Further, the model building unit 12 includes:

time slide processing unit 121: processing at least one interval historical period data set based on a time sliding mechanism to correspondingly obtain at least one sliding interval historical period data set;

the feature map obtaining unit 122: constructing a two-dimensional point-by-point convolution layer, and performing feature extraction and aggregation on at least one sliding interval historical period data set to obtain a feature map;

OD residual convolution unit 123: extracting spatial features from the feature map and the current day trend data set;

the simplified timing processing unit 124: extracting nonlinear time sequence correlation characteristics from a plurality of spatial characteristics to complete space-time characteristic aggregation and then obtaining historical space-time prediction;

the preliminary prediction obtaining unit 125: obtaining preliminary prediction according to historical space-time prediction and external environment prediction;

final prediction obtaining unit 126: and a non-zero attention mechanism of sparsity is introduced to obtain final prediction according to the preliminary prediction.

Still further, the OD residual convolution unit 123 includes:

spatial feature extraction module 1231: constructing a plurality of depth separation one-dimensional convolution layers, and extracting the characteristics of departure place dependence or destination dependence by stacking the depth separation one-dimensional convolution layers;

spatial feature output module 1232: and constructing a one-dimensional point-by-point convolutional layer, extracting a spatial correlation structure through the one-dimensional point-by-point convolutional layer, and aggregating the two spatial dependencies to output spatial characteristics.

Still further, the simplified timing processing unit 124 includes:

the spatial feature set obtaining module 1241: stacking the spatial features in time to obtain a current day trend spatial feature set and at least one interval period spatial feature set;

the timing correlation feature extraction module 1242: extracting nonlinear time sequence associated features from a current day trend space feature set and at least one interval period space feature set through a plurality of continuous two-dimensional point-by-point convolution layers;

the space-time prediction value obtaining module 1243: obtaining a time-space predicted value of the current day trend and at least one interval period time-space predicted value according to the extracted time sequence correlation characteristics;

historical spatiotemporal prediction value obtaining module 1244: and obtaining a historical space-time predicted value according to the current day trend space-time predicted value and the space-time predicted value of at least one interval period.

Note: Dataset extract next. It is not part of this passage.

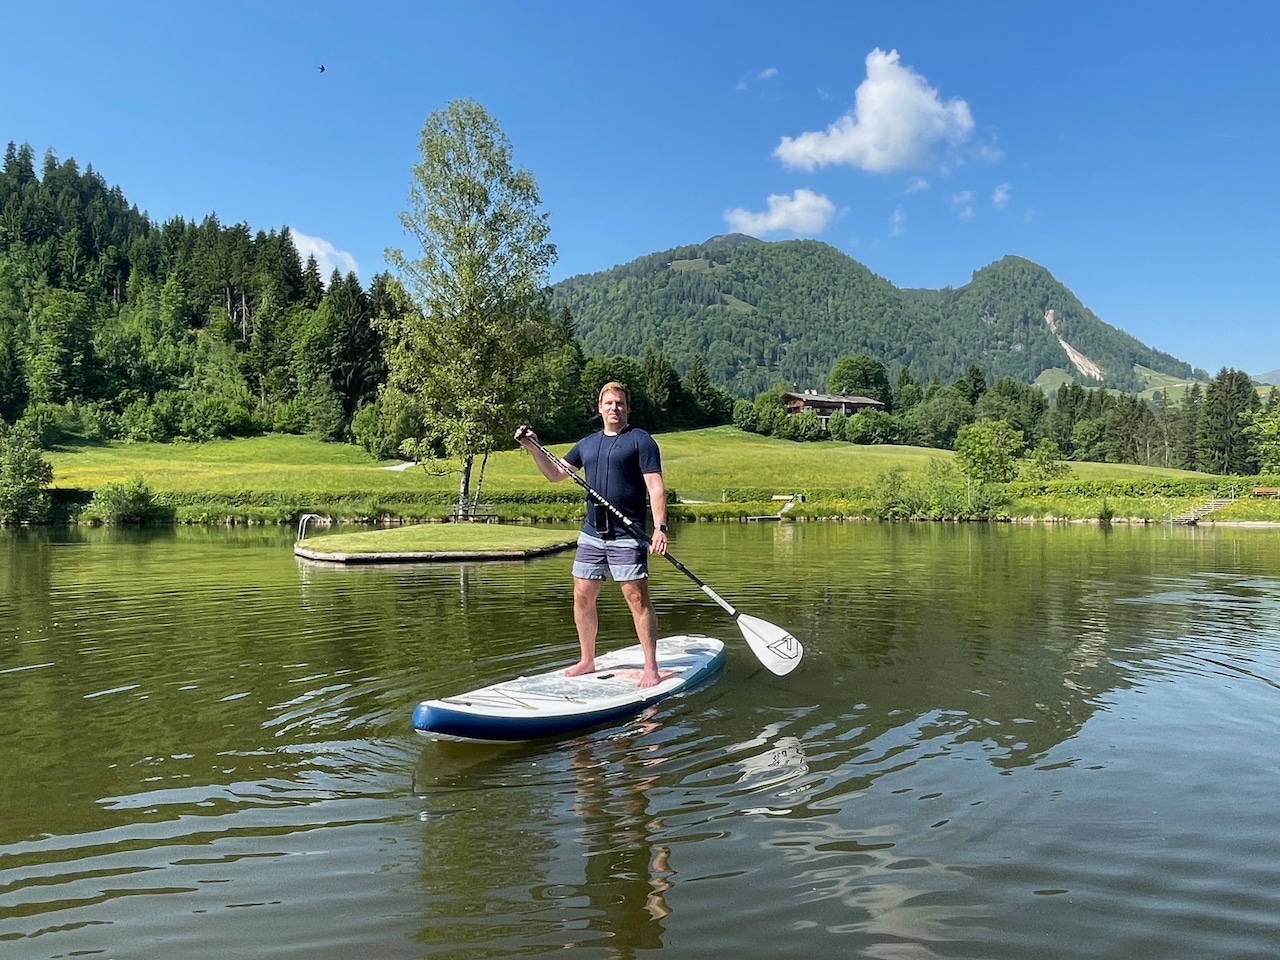 There's so much you can do in Pillerseetal - you won't get bored. In the picture: The Lauchsee. Our daily visit was one of the obligatory activities of our vacation because it is simply too beautiful there. Photo: Sascha Tegtmeyer

Further, the final prediction obtaining unit 126 includes:

the OD matrix mean obtaining module 1261: obtaining an OD matrix mean value according to the space-time predicted value of at least one interval period and the current day trend data set;

a conversion module 1262: converting the OD matrix mean value into a non-zero element attention matrix through a non-zero activation function;

the final prediction value output module 1263: and filtering the preliminary predicted value through the non-zero element attention matrix to obtain a final predicted value of the OD matrix in a certain period.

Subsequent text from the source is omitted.